Studying the culture of migration in modern times

By Sarah Fister Gale

Julie Chu, Associate Professor of Anthropology and Social Sciences in the College

Julie Chu, Associate Professor of Anthropology and Social Sciences in the College

Migration politics has dominated the spotlight in recent months -- but for Julie Chu it’s been a career-long interest. Chu is a sociocultural anthropologist in the Department of Anthropology at the University of Chicago, and she has spent the past two decades studying mobility and migration, and how economics and social trends influence these patterns.

Chu first became interested in migration politics in the 90s as an undergrad at the University of California Berkeley, where she witnessed a steady rise in anti-immigration rhetoric. In 1994, Californian’s voted Proposition 187, a ballot initiative to create a citizenship screening system that would block illegal immigrants from using non-emergency healthcare, public schools and other services. It passed, but was later deemed unconstitutional by the State Supreme Court.

“Proposition 187 left immigrant families with no access to healthcare beyond the ER,” she says. That spurred her to launch her first medical anthropology research project at a public clinic on New York’s lower east side to explore how immigrants were addressing their healthcare needs. In her research, she met a group of Chinese immigrants who the clinic referred to as “phantom patients” because they never showed up for appointments. “It turned out that they only went to the clinic to secure health cards,” she says.

That project lead her to continue her academic path in anthropology, and to eventually get her Ph.D. at NYU’s Program in Culture and Media, which strongly influence on the style and format of her future research.

Why take the risk?

Chu’s first field site, an emigrant village in rural Fuzhou, China

While Chu studies global migration trends, much of her work has focused on Chinese immigrants. Her first book, Cosmologies of Credit: Transnational Mobility and the Politics of Destination in China (Duke University Press, 2010), looks at how immigration mobility happens by sharing the story of a woman in Fuzhou, China, who waits years to be smuggled into the US despite the cost, risk and limited job options she is likely to face.
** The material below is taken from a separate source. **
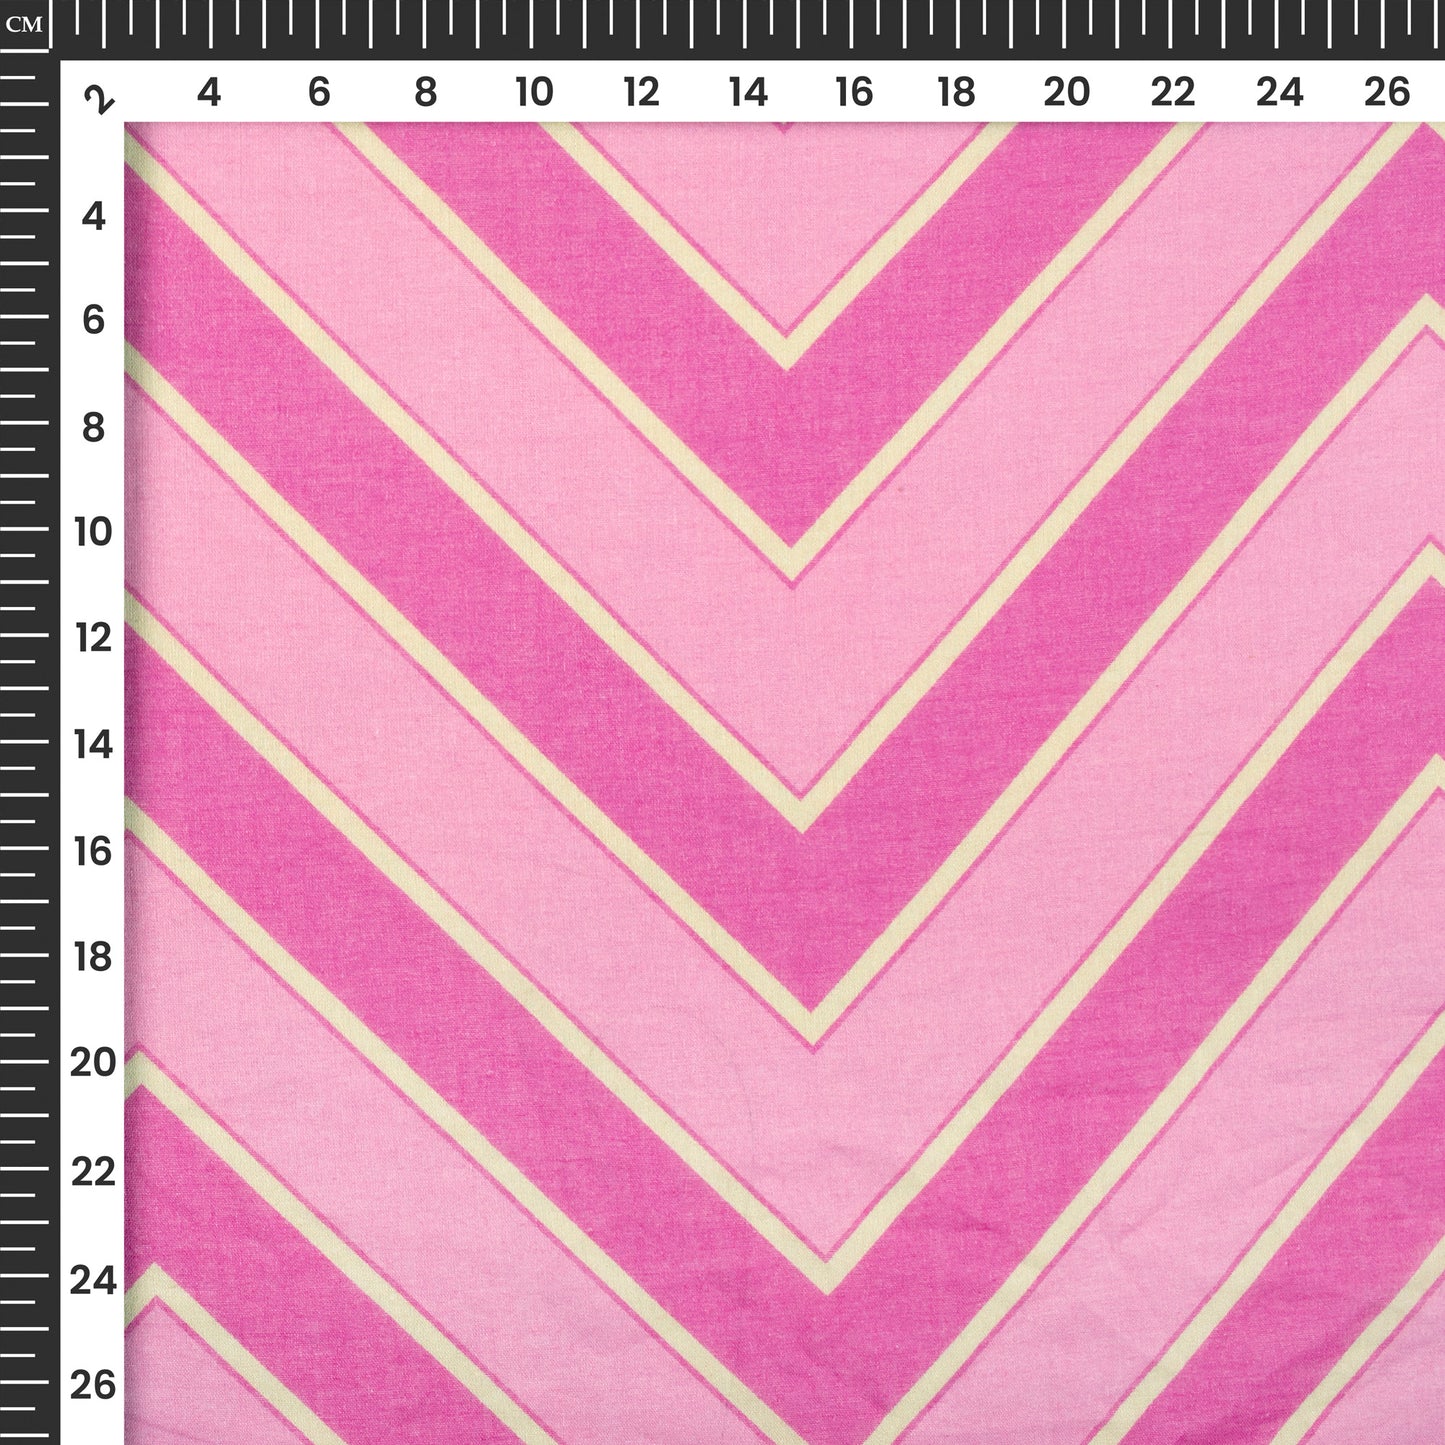 Fuscia Pink Chevron Digital Print Pure Cotton Mulmul Fabric

Chu found that smugglers charge up to $70,000 to transport a migrant to the US. The trip can take months, is highly risky, and if they make it they often end up in menial restaurant jobs that barely sustain them. “It didn’t add up, why they would take on so much debt, despite knowing the risks and exploitation,” she says.
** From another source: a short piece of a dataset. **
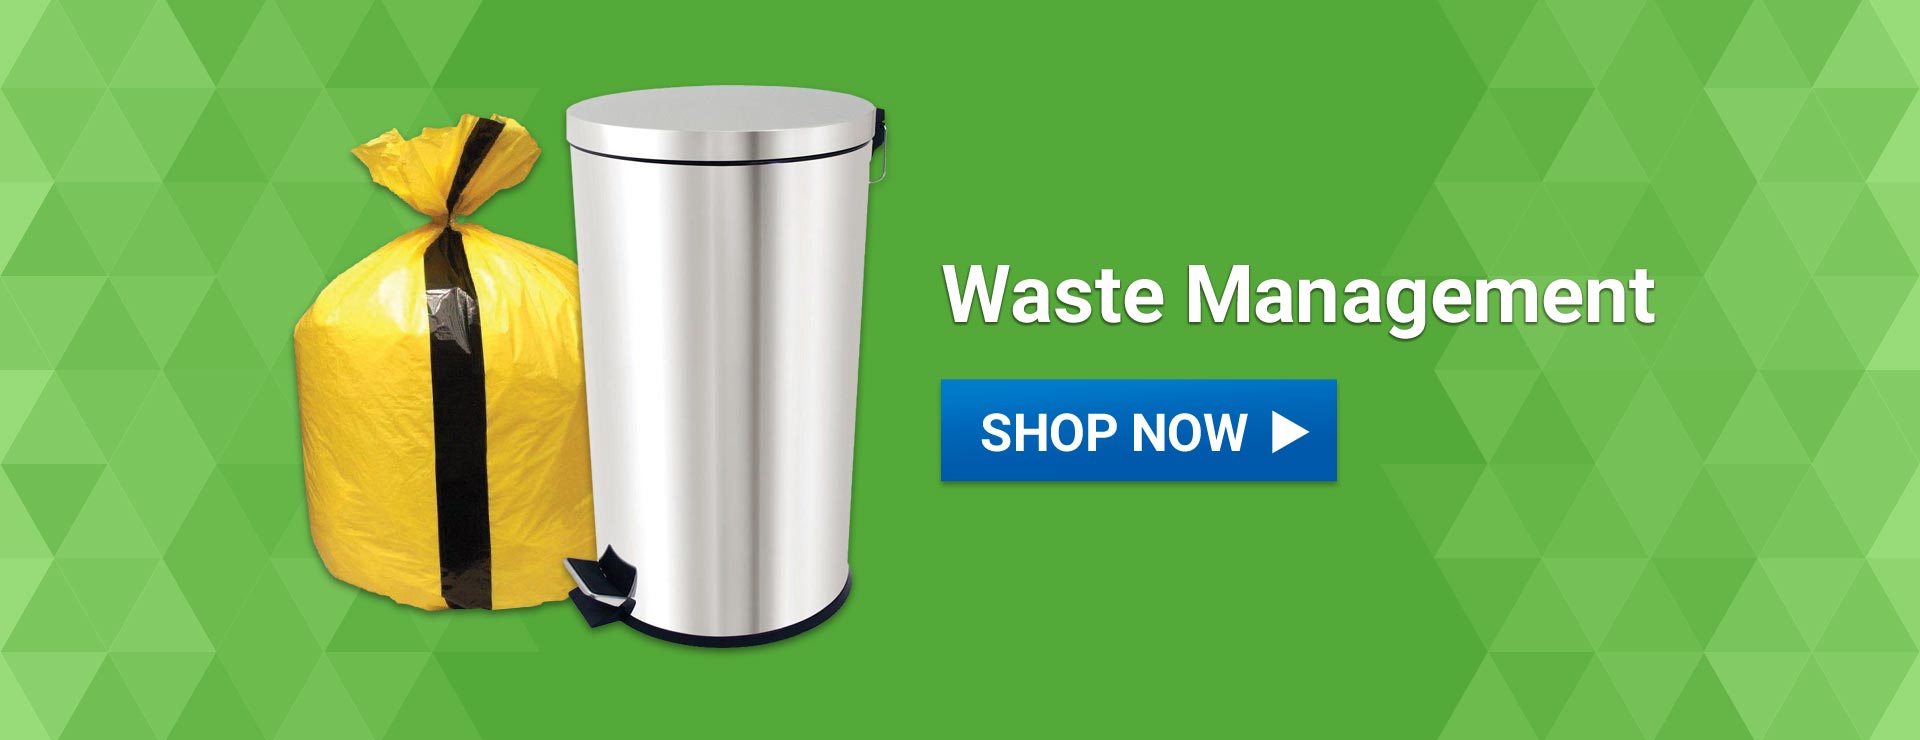 Alliance UK Waste Management

But through further ethnographic fieldwork and interviews she found a unique cultural and political history that shaped the desire among citizens in the coastal city of Fuzhou to go abroad at whatever the cost. Fuzhou is the capital and one of the largest cities in Fujian province, and is considered an industrial transportation hub, but after the communist revolution most of its citizens were reclassified as “peasants” despite having a history of diverse non-agragricultural occupations. “Going overseas became the desired trajectory,” she says. It was also wrapped up in a history of ritual life, and religiosity in the community. “There is a Buddhist-Daoist idea that cosmic debt is an inherent part of life as opposed to a source of consternation.”

Three women

A map for Chinese migrants showing their primary destination, New York City

During her early research for that book, she met three teenaged girls who were all preparing to migrate to the US, and she has been taping interviews with them for a decade. “It was longitudinal by accident,” she admits. She was taken with the young girls, and kept in touch to see how they were getting along.

The first was approved to go abroad at 13 and hoped to attend high school in the US, but she was scheduled to travel after 9/11, and ultimately had to wait three years to leave. “By the time she arrived she was so behind academically that she dropped out to work in a restaurant, and got married two years later,” Chu says.

The second made it the US and rejected her family’s desire for her to work in their restaurant. Instead she found a job in a nail salon, which is another common low-paying field for immigrants, Chu notes. Though the third went to college in China, worked in Shenzhen, then and moved to Hong Kong when she got married. “It was an unusual path,” Chu says, noting that her story reflects a shifting view among younger Chinese immigrants that they can achieve success back in Asia.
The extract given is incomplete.